The waitress arrived at our table and we gave her our order.
She then turned to the troop table.
"What are we all having?" she asked cheerfully.
"A toasted cheese sandwich," said one of the children promptly.
"Is that all? How about a steak or lobster? You can have anything you want," reminded Jackpot Woman.
"OK," said the boy, "I'll have two toasted cheese sandwiches and chocolate cake for dessert!"
"That's fine," said Jackpot Woman, a wide smile on her face.
Soon they had all ordered. Lots of questions about lobster and how well done the steaks should be and could they have more rolls and butter and could they have a soda pop with dinner and what is ranch dressing and blue cheese dressing and did they have to have vegetables with their dinner.
While enjoying our meal, we spoke quietly of the joy these children were having and how pleased and happy Jackpot Woman seemed.
As we left the dining room a large tray of desserts had appeared at the troop table and there were grins all around.

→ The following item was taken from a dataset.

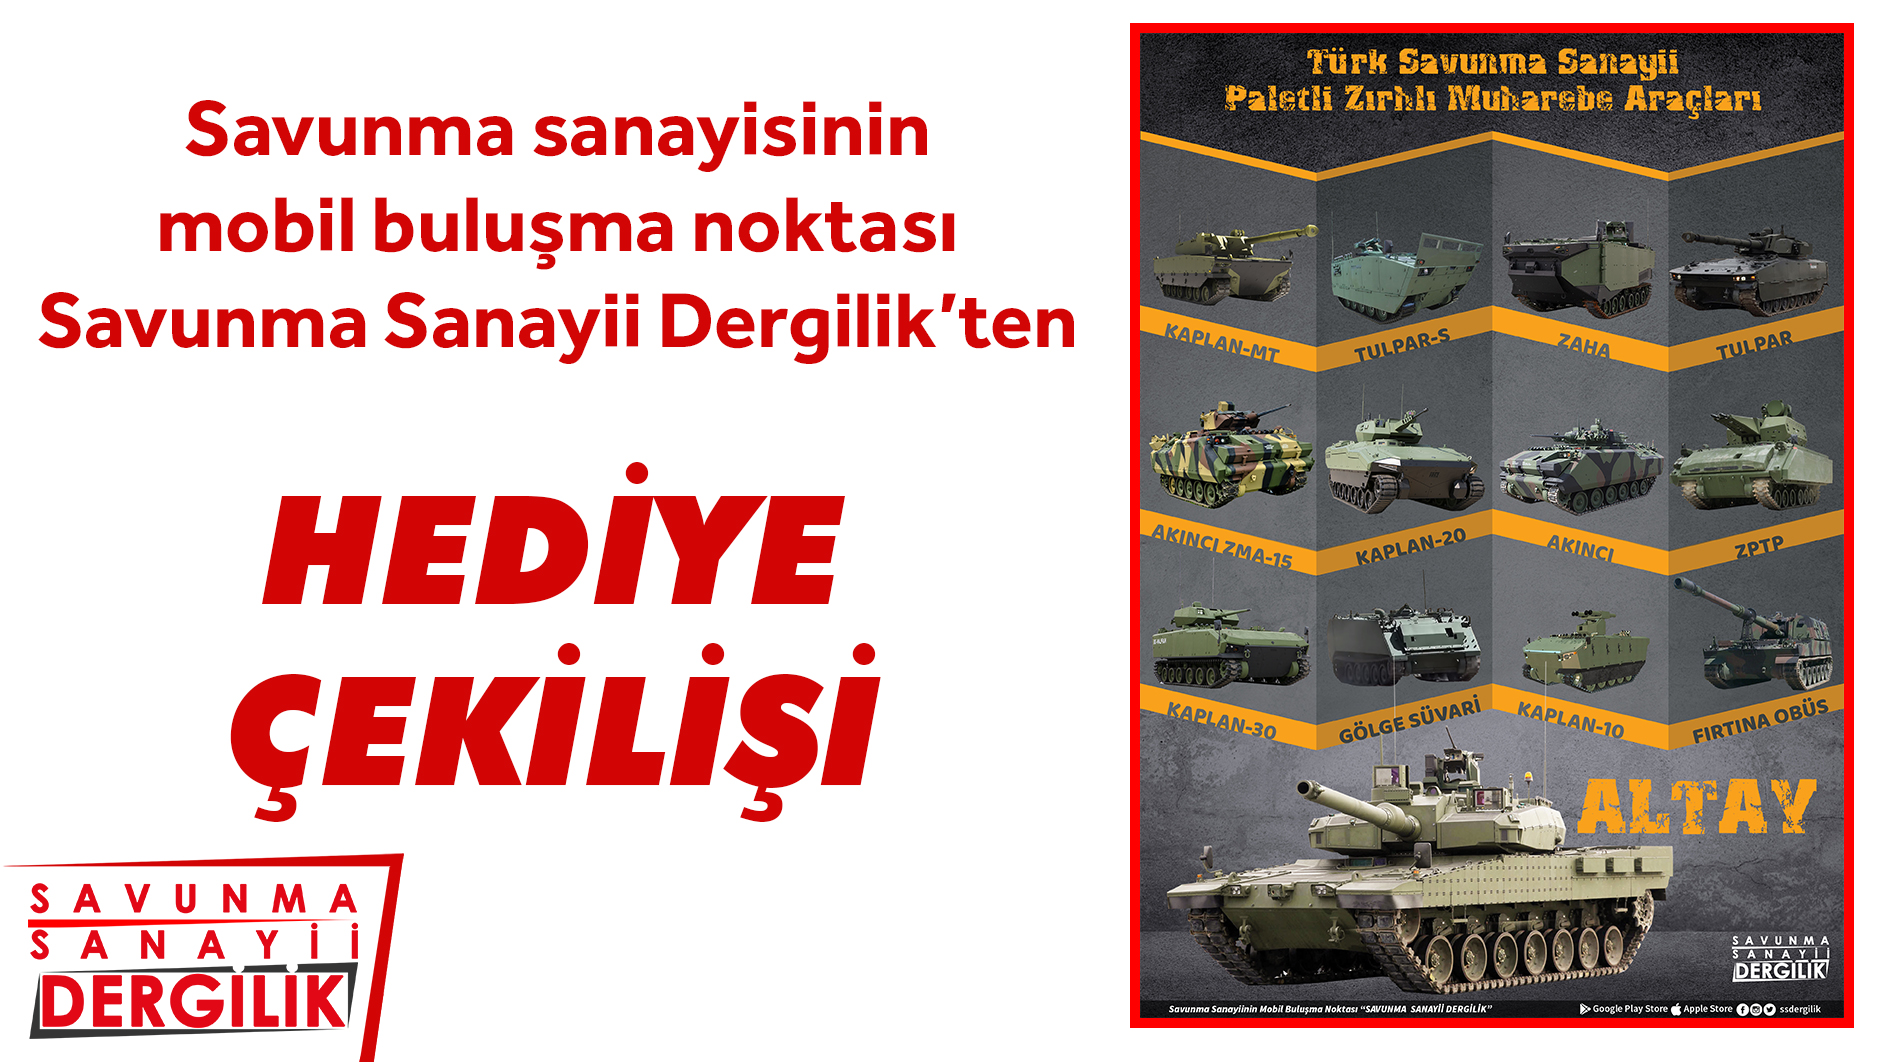 Savunma Sanayii Dergilik'ten hediye çekilişi "Türk Savunma Sanayii Paletli Kara Araçları"

The next morning we checked out early and Doug, seeking to satiate his curiosity, asked the desk person, "Did you know there was a big winner last night on that machine over there?"
"Oh, yes," she said, "and I heard she bought a wonderful dinner for her children."

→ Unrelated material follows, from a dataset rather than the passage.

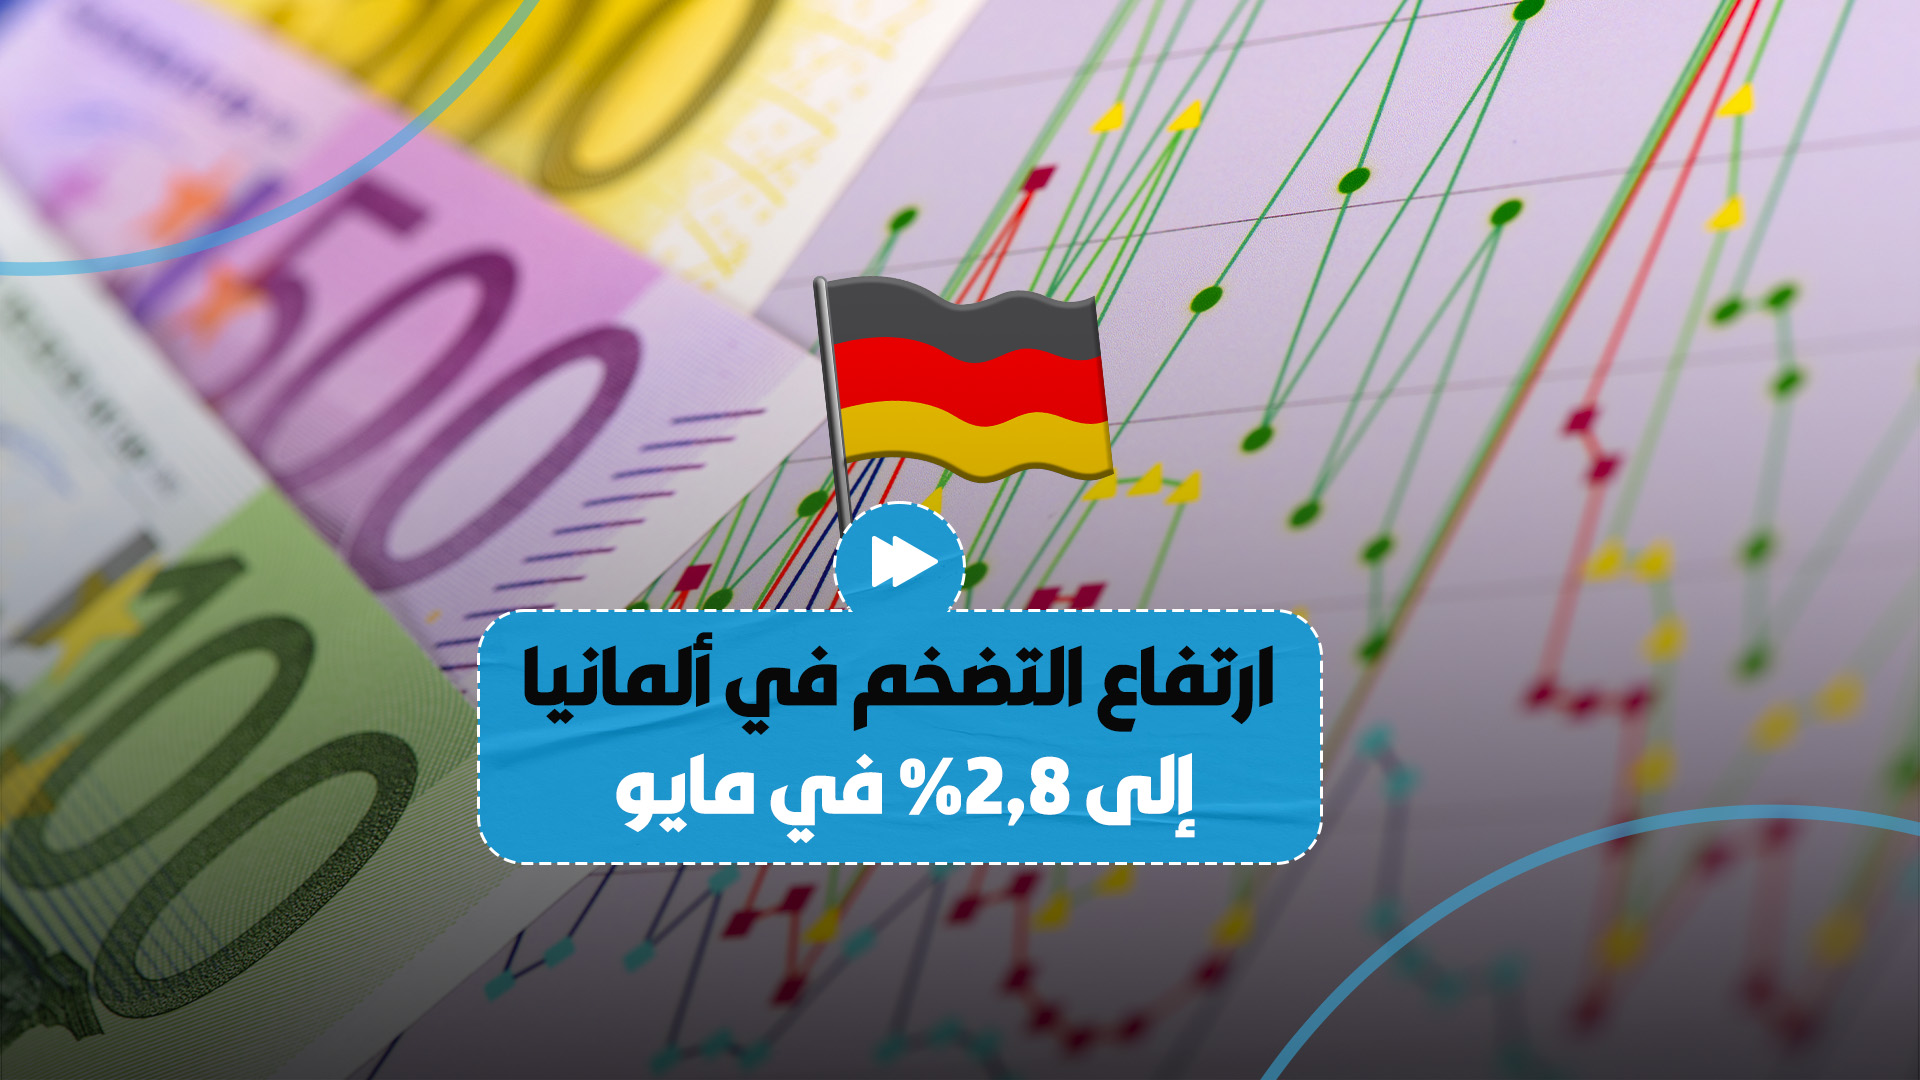 "تجاوز التوقعات".. ارتفاع التضخم في ألمانيا إلى 2.8%.. تعرّف على التفاصيل!

"Those were all her children?" I exclaimed.
"Well, not really. But she treats them as if they are."
"You know her then?" Doug asked.
"Oh, yes. She comes in every Friday after school is out. She buys a roll of quarters, plays them until they are gone, and then has dinner."
"Does she win often?" I asked.
"A little here and there, but nothing like last night. She won 4,000 quarters. A thousand dollars," the desk clerk said proudly.
"She lives in Beatty then?" I asked.
"Oh, yes. She teaches the disadvantaged, mentally challenged children at the school. When she won yesterday afternoon, she got on the phone and called as many of the children's parents as she could reach and asked them to bring the children to the restaurant. She bought dinner for all of them. They got to order whatever they wanted. Most of them had never had a meal in a nice restaurant before."
"Thank you for telling us that," said Doug as we left the desk for the parking lot.
"Isn't it great," said Doug, "that in a little place like this, off the beaten path, you hardly notice it as you pass by, that a generous and loving person is quietly making a difference."
We both felt so very good as we turned out of the parking lot and continued north toward Oregon.